I was writing this code for adding element at the end of linked list:

struct node{
    int info;
    struct node* link;
};

void append ( struct node **q, int num )  
{

struct node *temp, *r ;

if ( *q == NULL )       // if the list is empty, create first node
{
    temp = (struct node*) malloc ( sizeof ( struct node ) ) ;
    temp -> info = num ;
    temp -> link = NULL ;
    *q = temp ;        
}
else{
    temp = *q ;         

    /* go to last node */
    while ( temp -> link != NULL )
        temp = temp -> link ;

    /* add node at the end */
    r = (struct node *)malloc ( sizeof ( struct node ) ) ;
    r -> info = num ;
    r -> link = NULL ;
    temp -> link = r ;
}
}

and I call append function like this: append(&list, 10); where list is the pointer to the linked list

This code works, but if I use single pointer in append function(using *q instead of **q) and make changes accordingly (as done below and also when I call it), it doesn't work. What is wrong with the code below?:

void append ( struct node *q, int num )  
{

struct node *temp, *r ;

if ( q == NULL )       // if the list is empty, create first node
{
    temp = (struct node*) malloc ( sizeof ( struct node ) ) ;
    temp -> info = num ;
    temp -> link = NULL ;
    q = temp ;        
}
else{
    temp = q ;         

    /* go to last node */
    while ( temp -> link != NULL )
        temp = temp -> link ;

    /* add node at the end */
    r = (struct node *)malloc ( sizeof ( struct node ) ) ;
    r -> info = num ;
    r -> link = NULL ;
    temp -> link = r ;
}
}

Answer 1

In your first snippet (which is correct), you are doing too much.

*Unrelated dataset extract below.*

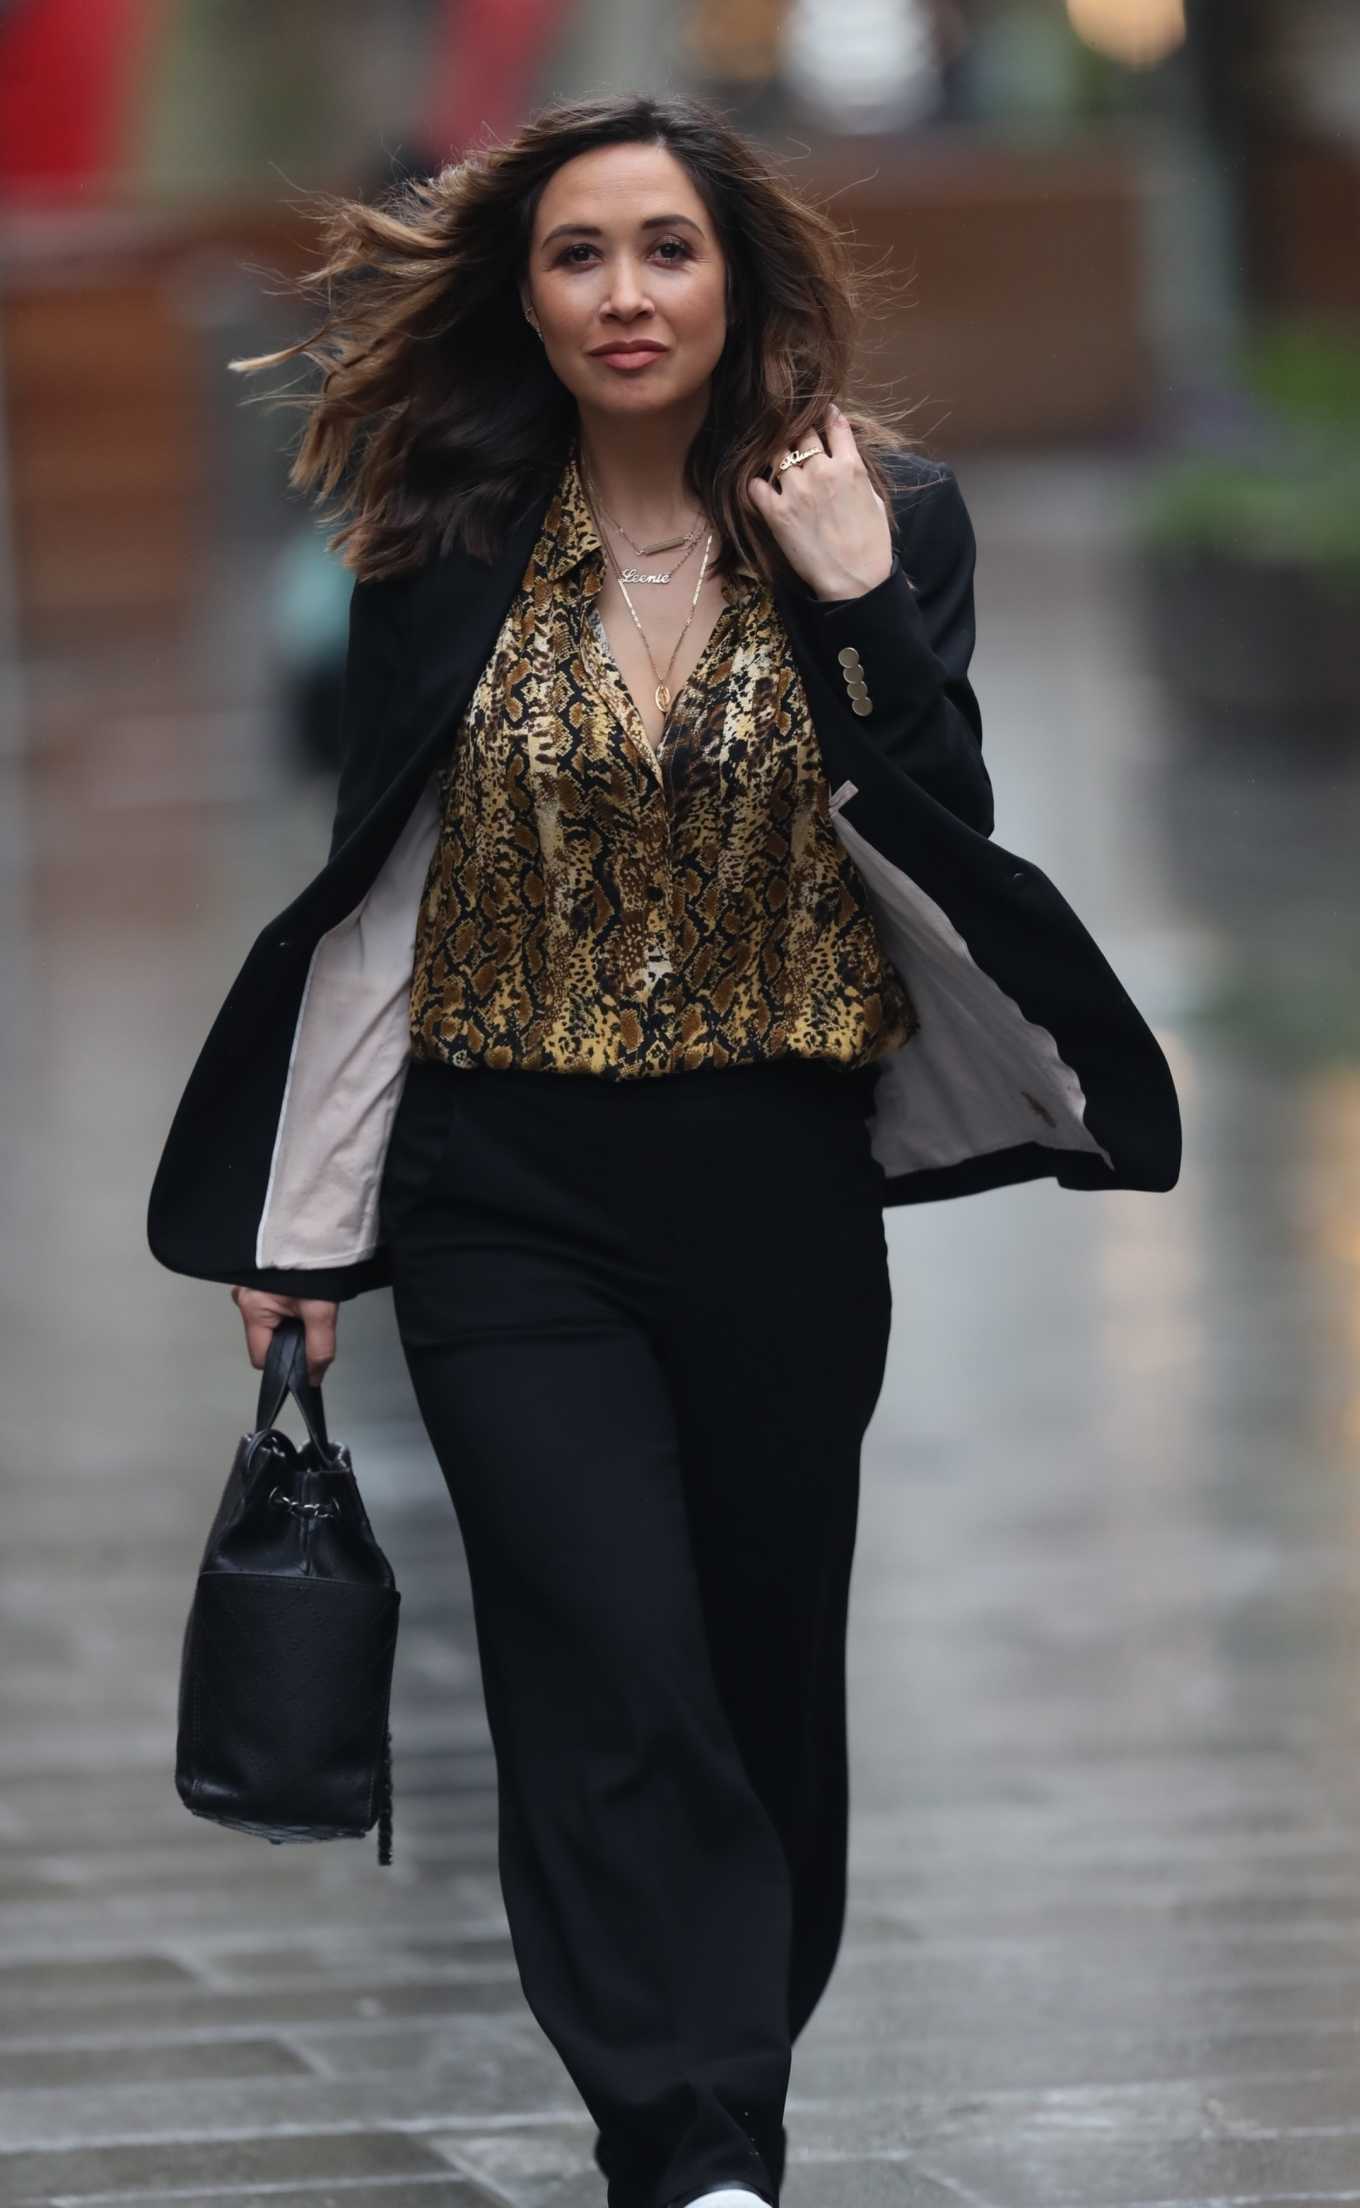 Myleene Klass wears black pantsuit while arrives at Smooth Radio in London
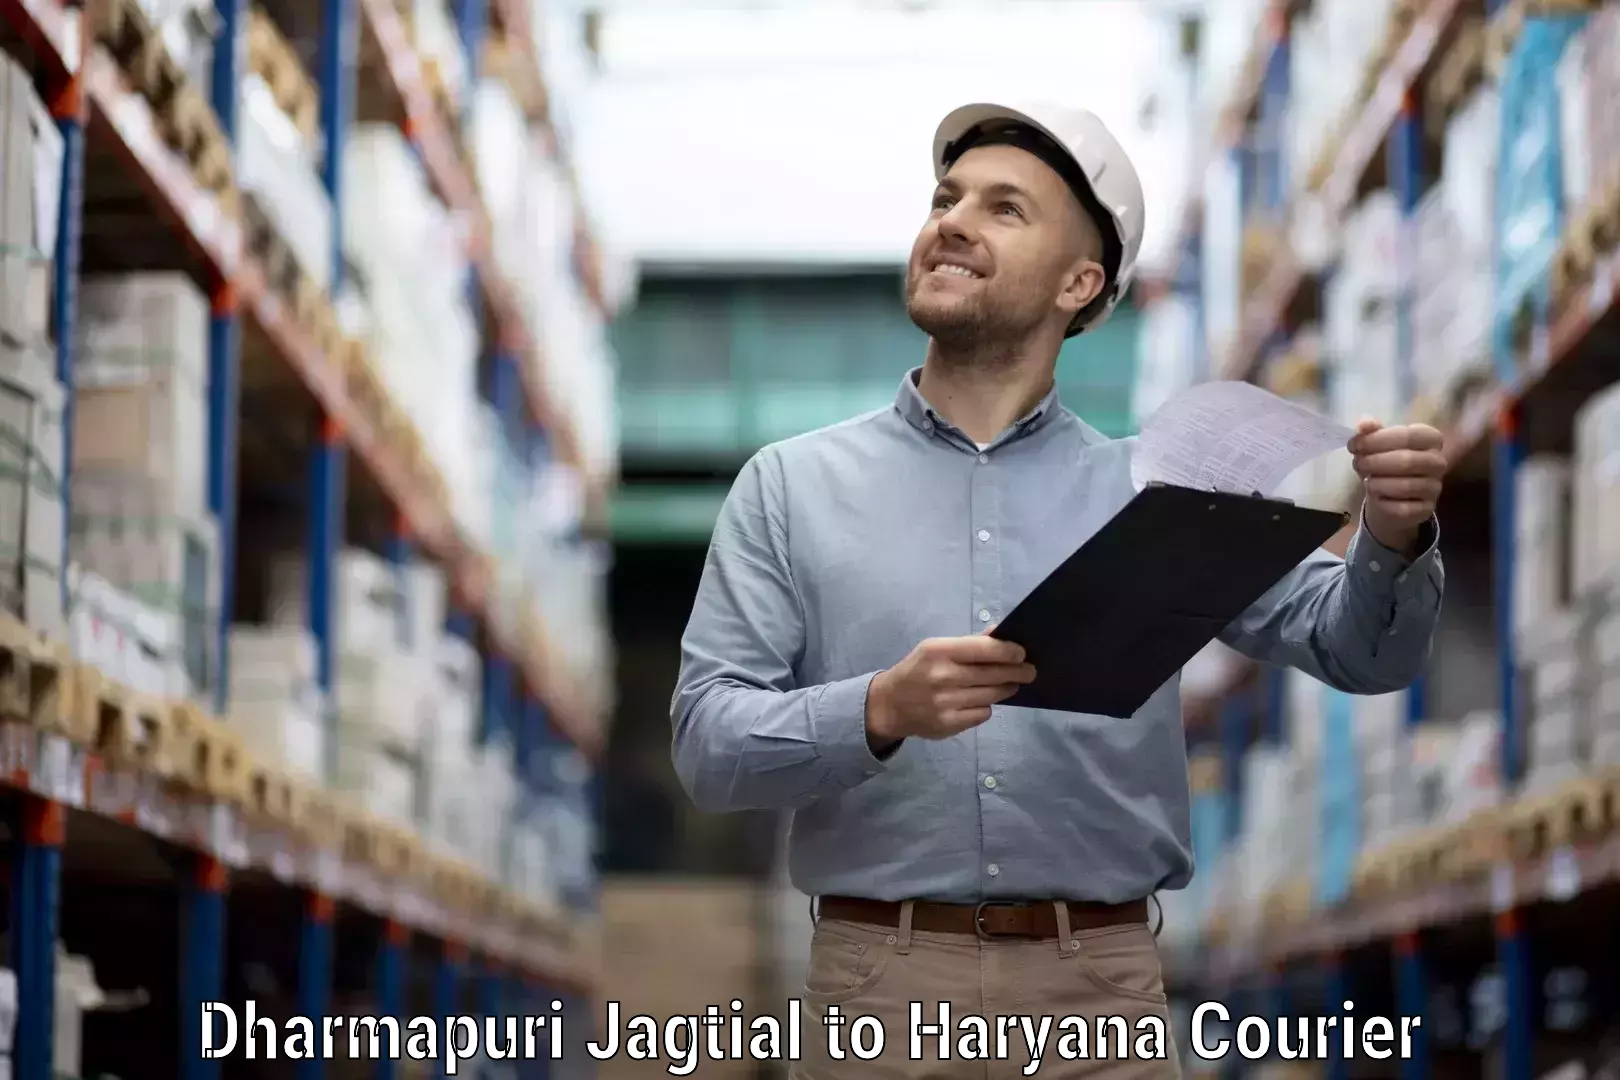 Efficient parcel service Dharmapuri Jagtial to Bahadurgarh

void append ( struct node **q, int num )  
{

struct node *new ;

    /* go to last node */
    for ( ; *q; q = &(*q)->link ) {;}

    /* add node at the end */
    new = malloc ( sizeof *new );
    if (!new) { barf_now(); return; }

    new->info = num ;
    new->link = NULL ;
    *q = new; ;
    }
}

The basic idea is: you want to append to the tail of the list; you need to:

• find the first NULL pointer
• set it's value to the value of the new pointer

The "empty list" case is not special, it just means that you can find the NULL pointer in zero steps. Coding it this way there is no special case, and no need for an if (...) ... else ... construct.

Answer 2

Because in the second example, q is a copy of the pointer passed in by the caller. The caller's original pointer never gets modified.